Which wine is most acidic?
Lots of 'em! But typically white and rose wines have the highest acidity levels.
Grape varieties known for their high acidity levels:
- Sauvignon Blanc
- Melon de Bourgogne
- Gruner Veltliner
Cool climate regions known for high-acid wines:
- Champagne, France
- Chablis, France
- Muscadet, France
- Mosel, Germany
- Marlborough, New Zealand
- Willamette Valley, Oregon
- Trentino-Alto Adige, Italy
- Okanagan Valley, Canada
- Itata Valley, Chile
- Bio Bio Valley, Chile
- Patagonia, Argentina
How does acidity affect flavor?
High-acid wines taste crisp and tart on the palate, while low-acid wines taste richer and feel more round and silky.

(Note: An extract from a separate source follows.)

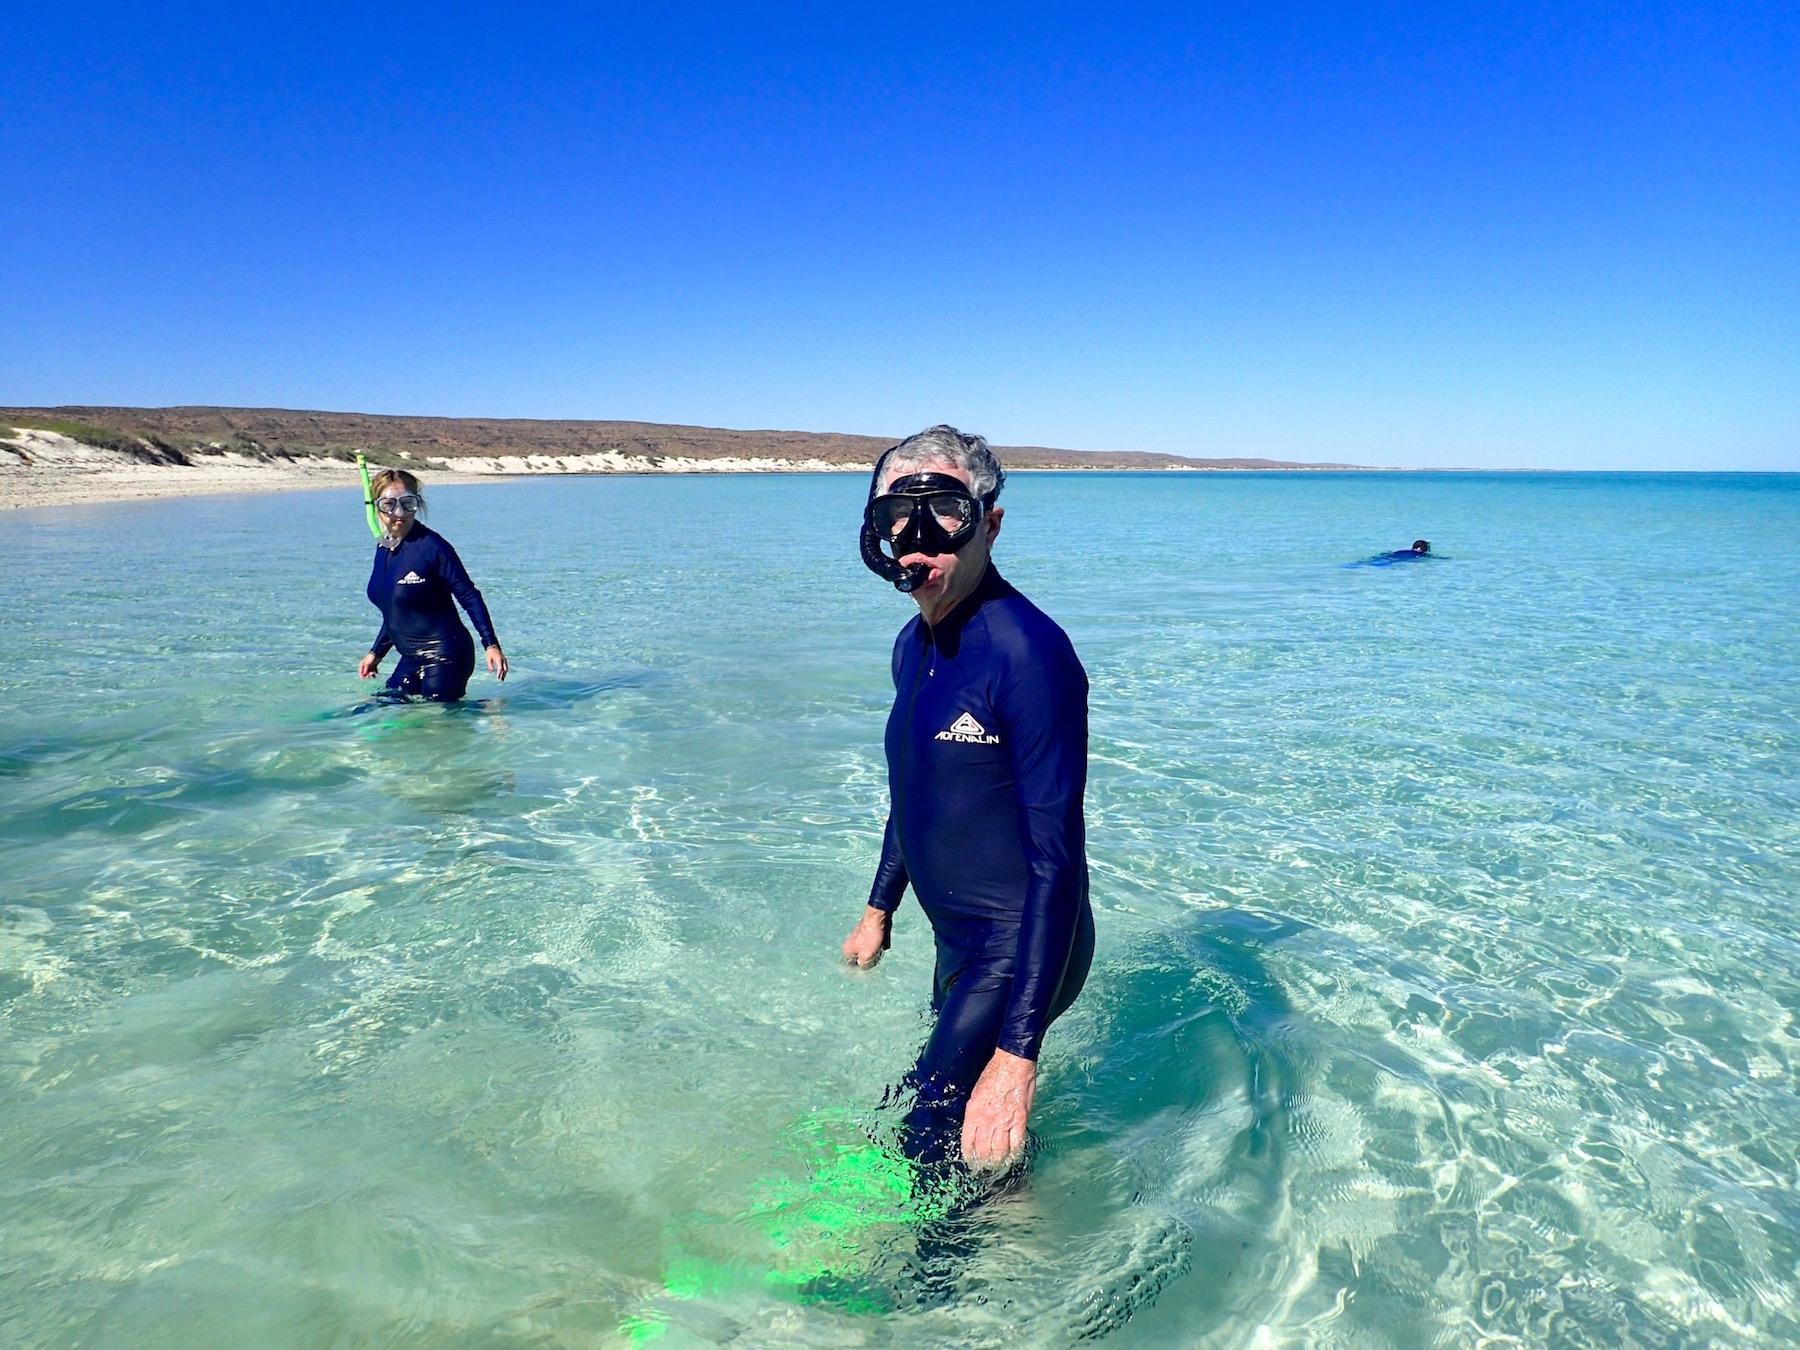 Turquoise Bay, Ningaloo Reef, Snorkel Tour, eco tour, guided tour, Exmouth Adventure Co, Exmouth, Western australia, coral coast, Cape Range National Park

Quintessential examples of these polar opposites are:
- High-Acid = New Zealand Sauvignon Blanc
- Low-Acid = California (especially Napa) Chardonnay
Acidity balances out fruitiness and sweetness. Think about the harmony of lemon juice (acid) and sugar (sweetness) in lemonade. This is why there are some off-dry or even "sweet" Champagnes and German Rieslings out there that you don't even notice have Residual Sugar in them! The acidity masks/harmonizes the sugar.
Why is wine acidic?
Because grapes naturally contain acid!
How to taste acidity in wine.
It tastes tart... think of biting into a lemon or lime! Acidity makes your mouth water, particularly on the sides of your tongue. It's that refreshing sensation that makes you want to take another sip!